Figura 1. Coralli inquinati da residui plastici

 

Il documento ufficiale, che illustra la nuova strategia da mettere in atto contro il consumo indiscriminato di plastica, riporta che ogni anno finiscono nelle acque di tutto il mondo tra 5 e 13 milioni di tonnellate di plastica, rispettivamente l’1,5% e il 4% della produzione mondiale di plastica (nella sola Unione Europea tra le 150 e le 500 mila tonnellate). Tra queste una quantità compresa tra le 75 e le 300 mila tonnellate è rappresentata da microplastiche. Dati allarmanti questi, ai quali l’Unione europea ha deciso di rispondere concretamente lanciando una Strategia a lungo termine – al 2030 – che promuova politiche comuni volte alla protezione dell’ambiente dall’inquinamento da plastica e spinga verso la crescita e l’innovazione dell’industria della plastica, settore che occupa oggi 1,5 milioni di lavoratori in Europa (dati della Commissione europea).

 

La nuova strategia nel dettaglio

La nuova Strategia europea per il riciclo della plastica cambierà la progettazione, la realizzazione, l'uso e il riciclo dei prodotti nei paesi dell’Unione europea.
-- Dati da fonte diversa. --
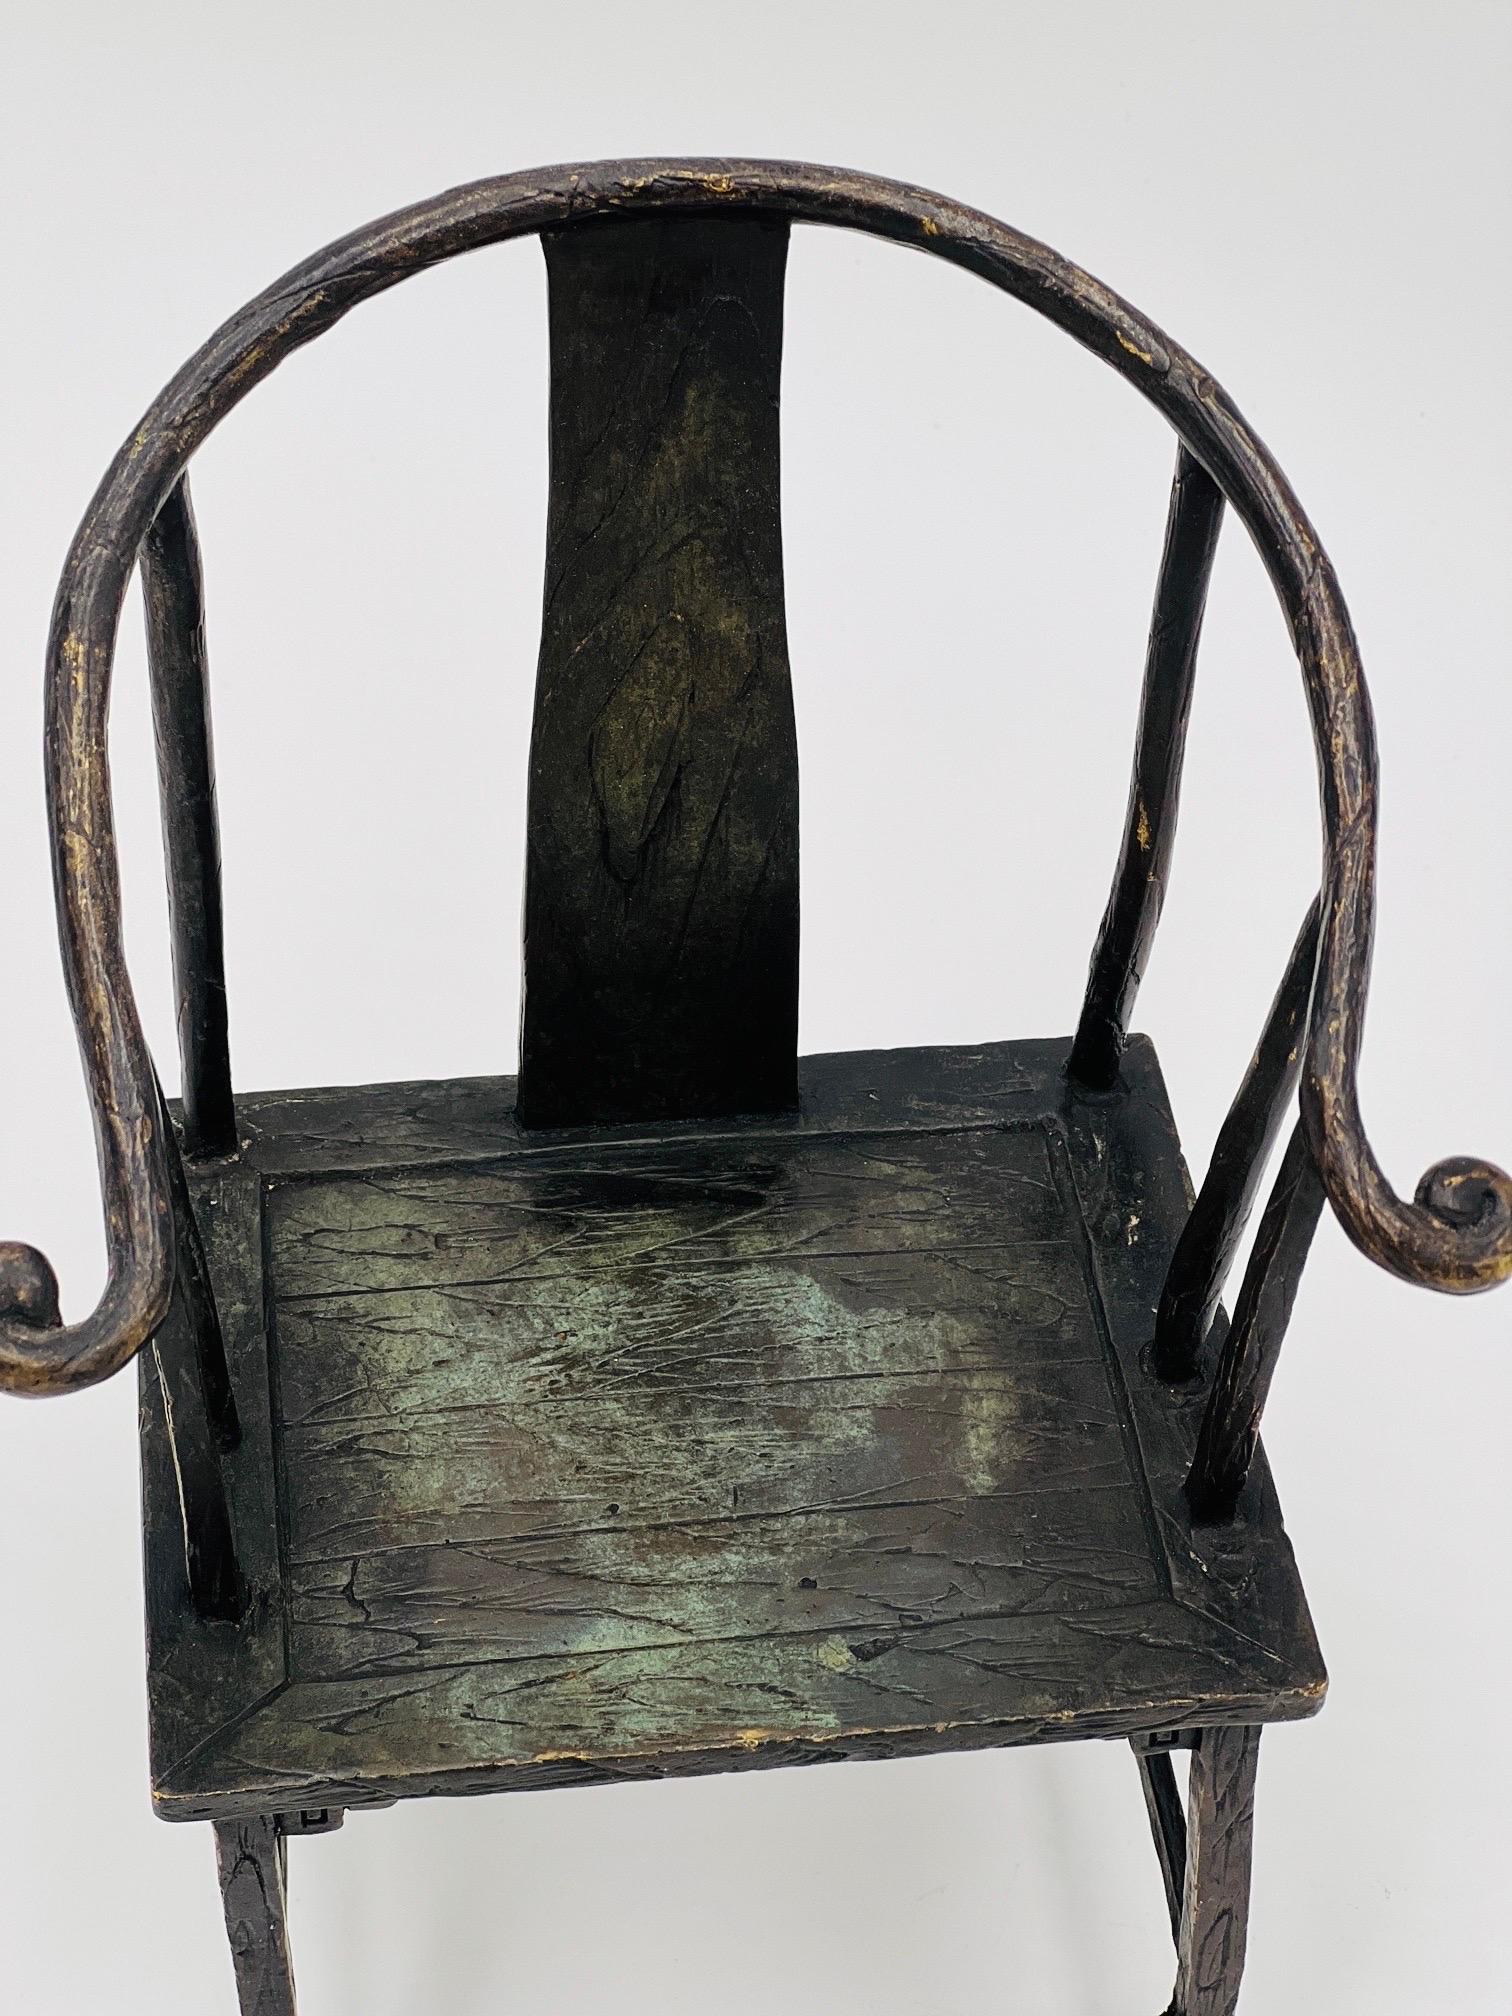 Sculpture contemporaine en bronze d'une chaise chinoise en forme de fer à cheval, construite en bronze avec une surface patinée. Marqué au dos du cadre

I principali obiettivi della Strategia sono:

  • Rendere redditizio il riciclaggio per le imprese. Verrà sviluppato un sistema di raccolta differenziata e di smistamento dei rifiuti comune in tutti i paesi membri dell’Ue. In questo modo sarà possibile risparmiare circa un centinaio di euro per tonnellata di rifiuti plastici raccolti e si creerà valore aggiunto per un'industria delle materie plastiche più competitiva e resiliente;
  • Ridurre i rifiuti plastici. La normativa europea ha già favorito una significativa riduzione dell'uso di sacchetti di plastica in diversi Stati membri. I nuovi piani si concentreranno ora su altri prodotti di plastica monouso e attrezzi da pesca. Per questo, saranno sostenute campagne di sensibilizzazione nazionali e definite nuove norme di applicazione che saranno proposte a livello di Ue nel 2018;
  • Un’etichettatura comune per le plastiche biodegradabili e compostabili. La Commissione europea adotterà nuove misure volte a limitare l’uso delle microplastiche;
  • Combattere la dispersione di rifiuti in mare. Ci saranno nuove disposizioni relative agli impianti portuali di raccolta dei rifiuti plastici intese a garantire che i rifiuti generati a bordo di imbarcazioni o raccolti in mare non siano abbandonati, ma riportati a terra e lì adeguatamente gestiti. Sono inoltre previste misure volte a ridurre l'onere amministrativo che grava sui porti, le navi e le autorità competenti;
  • Maggiori investimenti in innovazione tecnologica. Sono previsti 100 milioni di euro di finanziamenti ulteriori per lo sviluppo di materiali plastici più facilmente avviabili al riciclo. I processi di riciclaggio saranno resi più efficienti e sarà più facile tracciare e rimuovere le sostanze pericolose e i contaminanti dalle materie plastiche riciclate;
  • Stimolare il cambiamento in tutto il mondo. Oltre a fare la propria parte, l'Unione europea lavorerà con i suoi partner in tutto il mondo per proporre soluzioni globali e sviluppare standard internazionali.

 

La Cina sospende l’importazione di rifiuti dall’Europa

Secondo dati delle Nazioni Unite, nel 2016 la Cina e la regione amministrativa speciale di Hong Kong hanno importato da Europa, Stati Uniti e Giappone circa 10,3 milioni di tonnellate di rifiuti plastici, pari al 70% dei rifiuti (plastici) raccolti e selezionati in tutto il mondo. Il mercato dell’import dei rifiuti in Cina valeva nel 2016 circa 21,6 miliardi di dollari (4,6 miliardi nella sola Hong Kong). Nel 2017 il Governo cinese aveva notificato all’Organizzazione mondiale del commercio (OMC) che da gennaio 2018 avrebbe imposto divieti all’importazione di 24 tipologie di materiali riciclabili, raggruppabili  in quattro categorie: plastica, carta straccia, rifiuti tessili e scorie di alcuni minerali. La recente misura è in linea con nuovi piani annunciati dal Governo cinese per proteggere l’ambiente dai rifiuti sporchi o contenenti sostanze inquinanti e pericolose, che spesso giungono nei porti del Paese. In una nota ufficiale, pubblicata nei giorni scorsi, il Governo di Pechino ha inoltre annunciato che da marzo saranno intensificati i controlli sulla qualità dei rifiuti importati dall’estero.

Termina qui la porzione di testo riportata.